Laschet hatte die Stichwahl gegen Merz auf dem Online-Parteitag am Samstag gewonnen. Der nordrhein-westfälische Ministerpräsident kam auf 52,6 Prozent der abgegebenen Stimmen inklusive der Enthaltungen. Merz erzielte 47,0 Prozent. Um die "digitale Vorauswahl" rechtssicher zu machen, schloss sich die Briefwahl an. Laschet, Merz und Röttgen hatten aber schon vorab versichert, dass sie das Ergebnis der Online-Abstimmung akzeptieren wollten.

Strobl mahnt zur Einigkeit

In der CDU wurde erwartet, dass das Ergebnis Laschets in der Briefwahl besser sein würde. Es hieß, voraussichtlich werde es etlichen Delegierten wichtig sein, den neuen Vorsitzenden mit einem guten Wahlergebnis ins Superwahljahr zu schicken. Merz hatte die CDU-Mitglieder vergangenen Montag zur Unterstützung des neuen Parteichefs aufgerufen. "Ich bitte alle Delegierten, an der schriftlichen Schlussabstimmung teilzunehmen und unseren neuen Vorsitzenden Armin Laschet mit einem starken Votum auszustatten. Und dann gehen wir gemeinsam an die Arbeit", hieß es in einem Brief von Merz.

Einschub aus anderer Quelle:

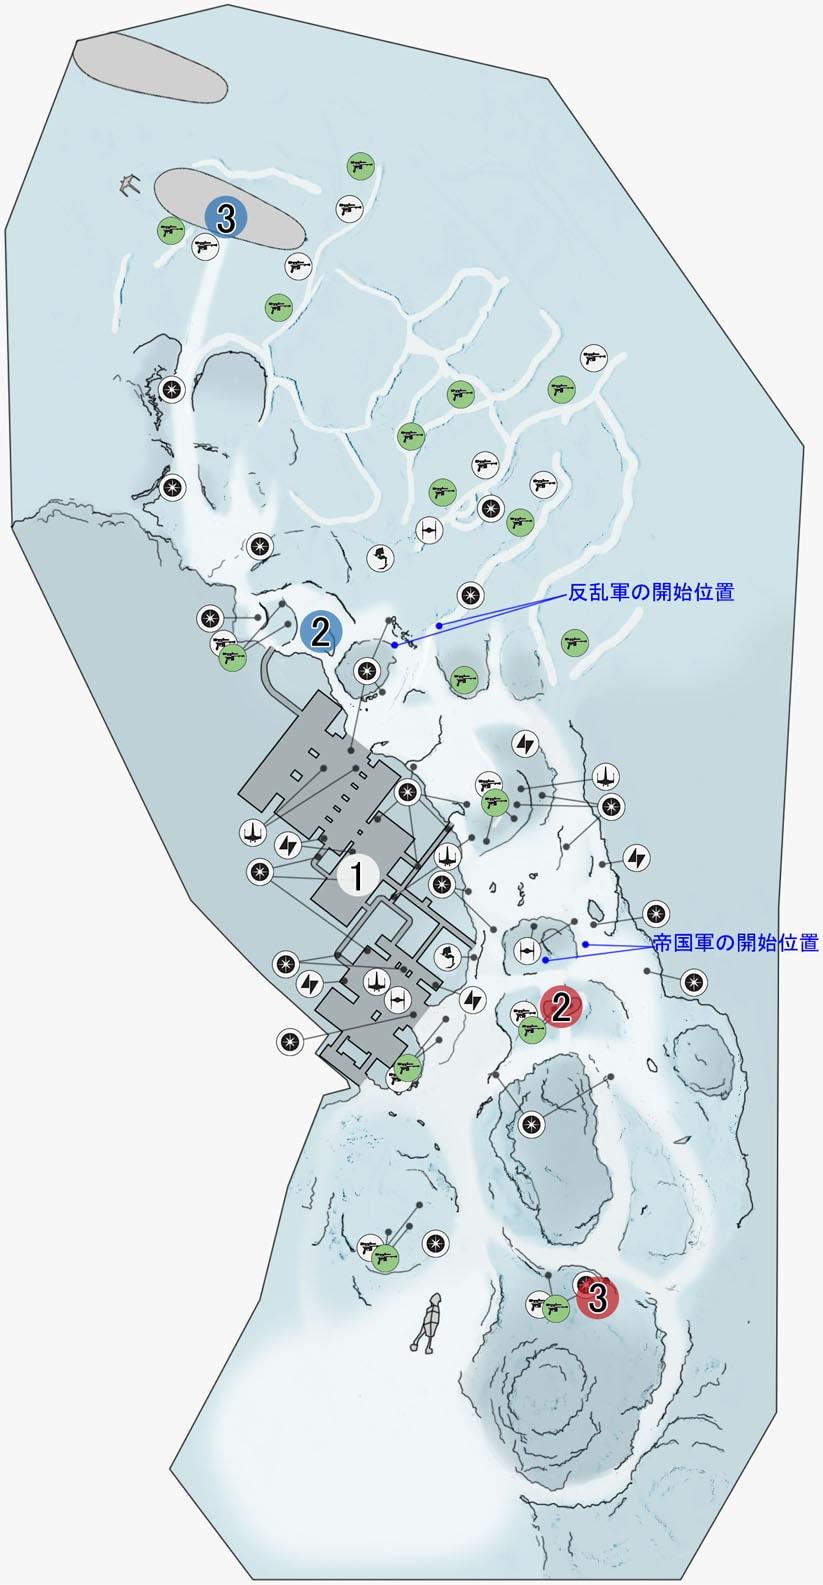 スプレマシーの前哨基地ベータのマップ

CDU-Vize Thomas Strobl warb vor der Bekanntgabe des Briefwahlergebnisses für Einigkeit. Alle Christdemokraten müssten daran mitarbeiten, die Partei so aufzustellen, dass sie bei den Landtagswahlen sowie der Bundestagswahl im September sehr gute Chancen habe, als Erste durchs Ziel zu gehen, sagte der baden-württembergische Innenminister dem Redaktionsnetzwerk Deutschland. Am Samstag hält Laschet eine Rede beim Parteitag der CDU in Baden-Württemberg. Strobl sprach von einem ersten richtig großen Auftritt als Parteichef.